DOJ Heightens Focus on Hospital Systems and Market Allocation

On April 14, 2016, the U.S. Department of Justice and two West Virginia hospitals entered into a consent decree requiring the hospitals to cease allocating territories for marketing their healthcare services.  The complaint and consent decree can be viewed here and here.  This consent decree follows a similar consent decree that the DOJ entered into with three Michigan hospitals in June 2015, perhaps signaling the DOJ’s increased focused in policing allegedly anticompetitive agreements among hospitals and medical centers.

The DOJ challenged an alleged agreement between Charleston Area Medical Center (“CAMC”) and St. Mary’s Medical Center (“St. Mary’s”) not to advertise in each other’s geographic territories.  According to the DOJ’s complaint, although executives at both defendants testified that marketing is an important strategy to increase the number of patients and market share, CAMC and St.

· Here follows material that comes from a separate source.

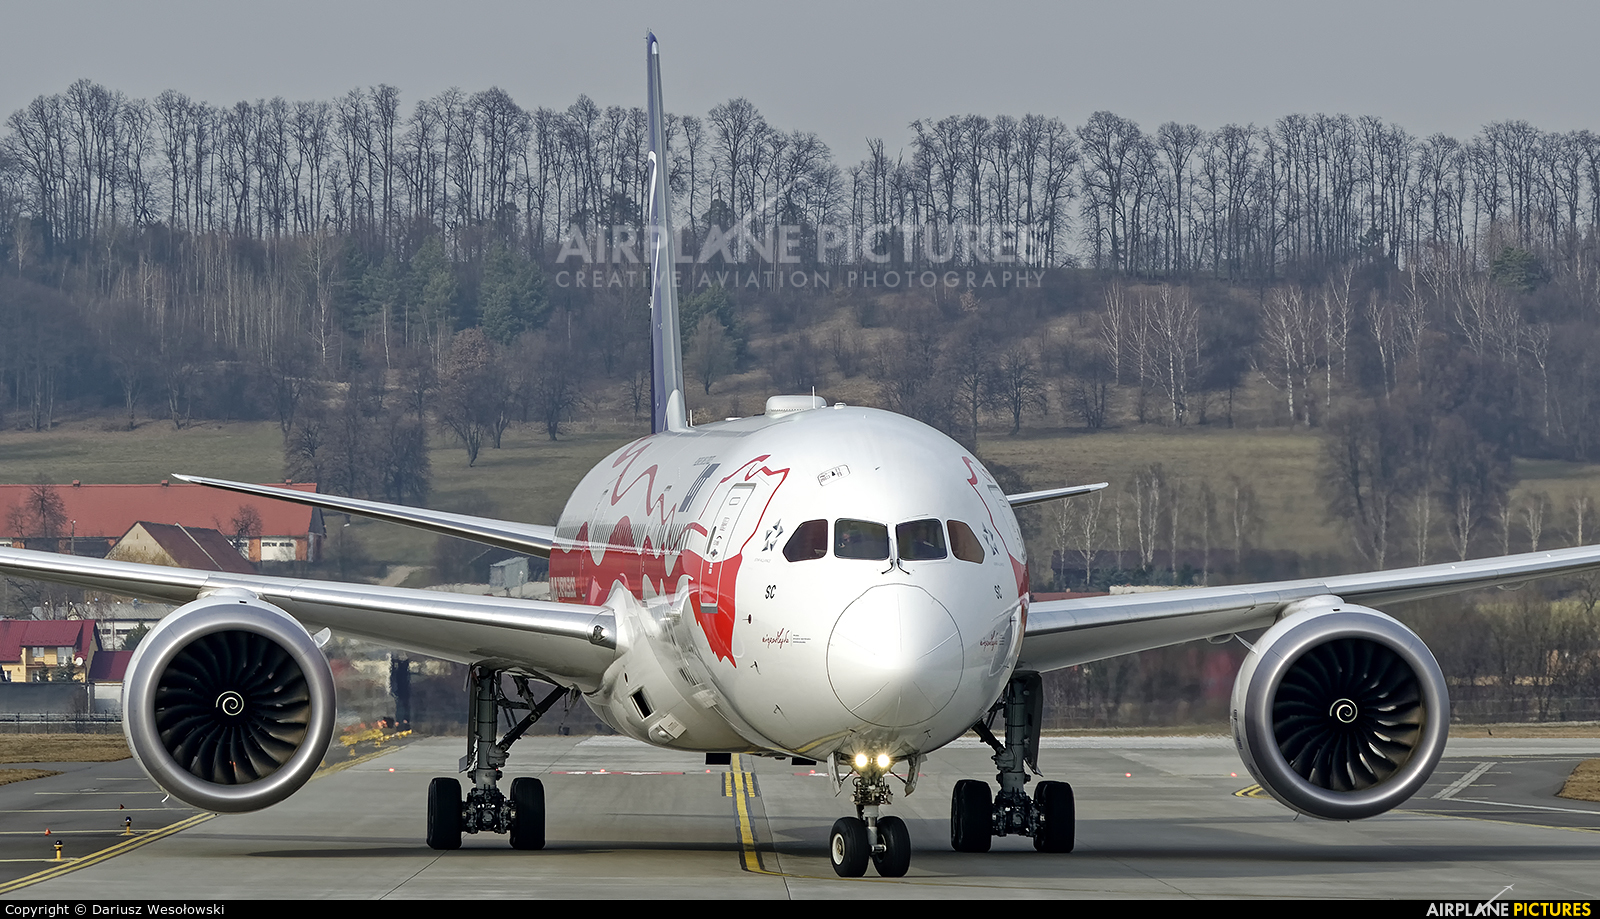 LOT - Polish Airlines SP-LSC aircraft at Kraków - John Paul II Intl
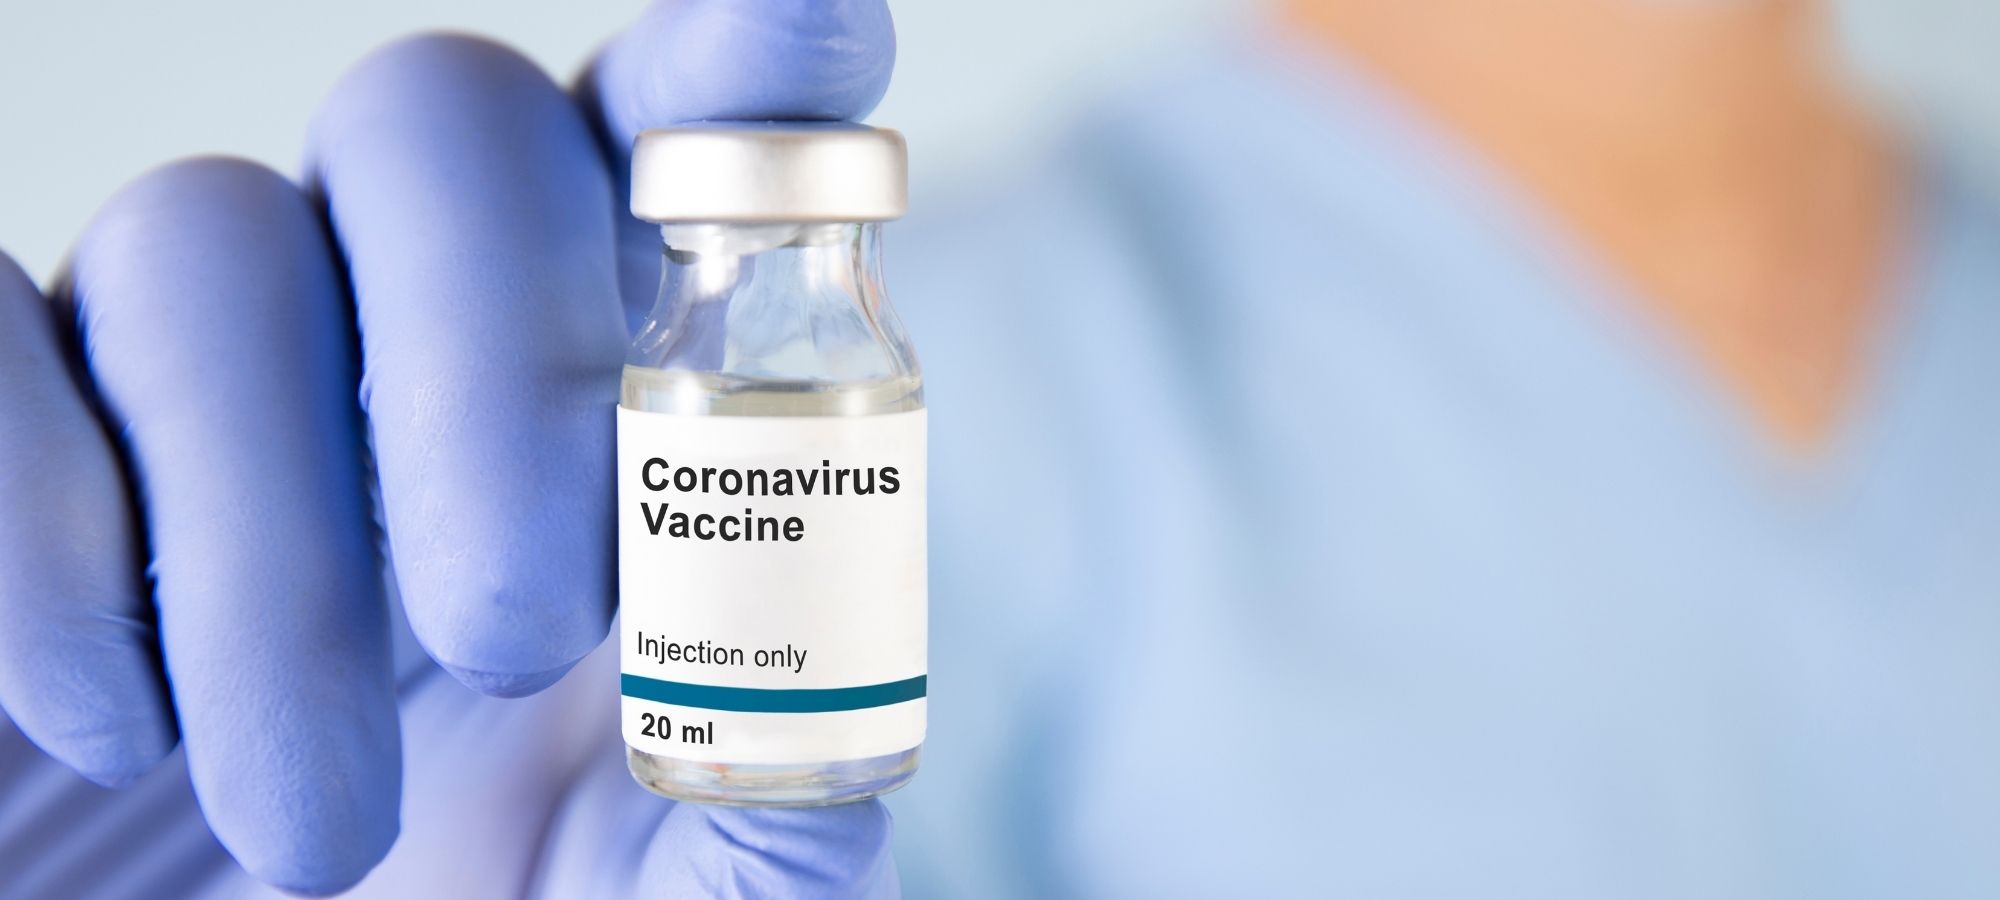 covid-19 vaccines leicester nuneaton

Mary’s agreed not to place print or billboard advertisements in each other’s respective counties.  The DOJ alleged that the agreement disrupted the competitive process, deprived patients of information they otherwise would have had to make informed healthcare decisions, and denied physicians working for the defendants the opportunity to advertise their services to potential patients.  The DOJ’s complaint asserted a violation of Section 1 of the Sherman Act.

In the consent decree, filed simultaneously with the DOJ’s complaint in the Southern District of West Virginia, CAMC and St. Mary’s agreed to a proposed settlement prohibiting them from agreeing with other healthcare providers to limit marketing or to allocate any service, customer, or geographic market or territory, unless the agreement is reasonably necessary to further a procompetitive purpose concerning the joint provision of medical services.  The defendants also agreed not to communicate with each other about their marketing activities, with limited exceptions, such as communications relating to the joint provision of services, transactions, or potentially false or misleading advertisements.  The hospitals further agreed to implement compliance programs to prevent any future unlawful market allocation activities.

As noted above, the West Virginia consent decree marks the second time in the past year that the DOJ has filed a complaint against hospitals alleging agreements to allocate territories and limit competition.   On June 25, 2015, the DOJ sued four Michigan hospital systems in the Eastern District of Michigan – Hillsdale Community Health Center, Community Health Center of Branch County, ProMedica Health System, and Allegiance Health – alleging that Hillsdale entered into agreements with each of the other defendants not to conduct marketing activities in each other’s respective counties.  The complaint alleged, among other things, that the agreements deprived patients, physicians and employers of information they otherwise would have had when making healthcare decisions.  Hillsdale, Community Health and ProMedica entered into the consent decree which, like the West Virginia consent decree, requires the hospitals to refrain from agreeing with other providers to limit marketing or divide geographic markets or territories, stop communicating with each other about marketing activities (subject to limited exceptions), and to implement compliance programs.  The complaint and consent decree can be viewed here and here.  Allegiance did not enter into the consent decree and is continuing to litigate against the DOJ.

Prior to these two cases, the DOJ had not prosecuted a market allocation case against hospital systems in 10 years – the last one being a February 2006 lawsuit, also against CAMC and another West Virginia hospital, HCA Inc., in which HCA agreed not to develop a cardiac surgery program in a county near CAMC.  The most recent West Virginia consent decree and the Michigan consent decree may signal increased focus at the DOJ in scrutinizing agreements between hospital systems.  In the past, the DOJ has typically focused on more commonly pursued market allocation claims with broader allegations, such as bid-rigging or restrictions on sales themselves.   Hospitals and other healthcare providers should be on the lookout for future activity in this sector.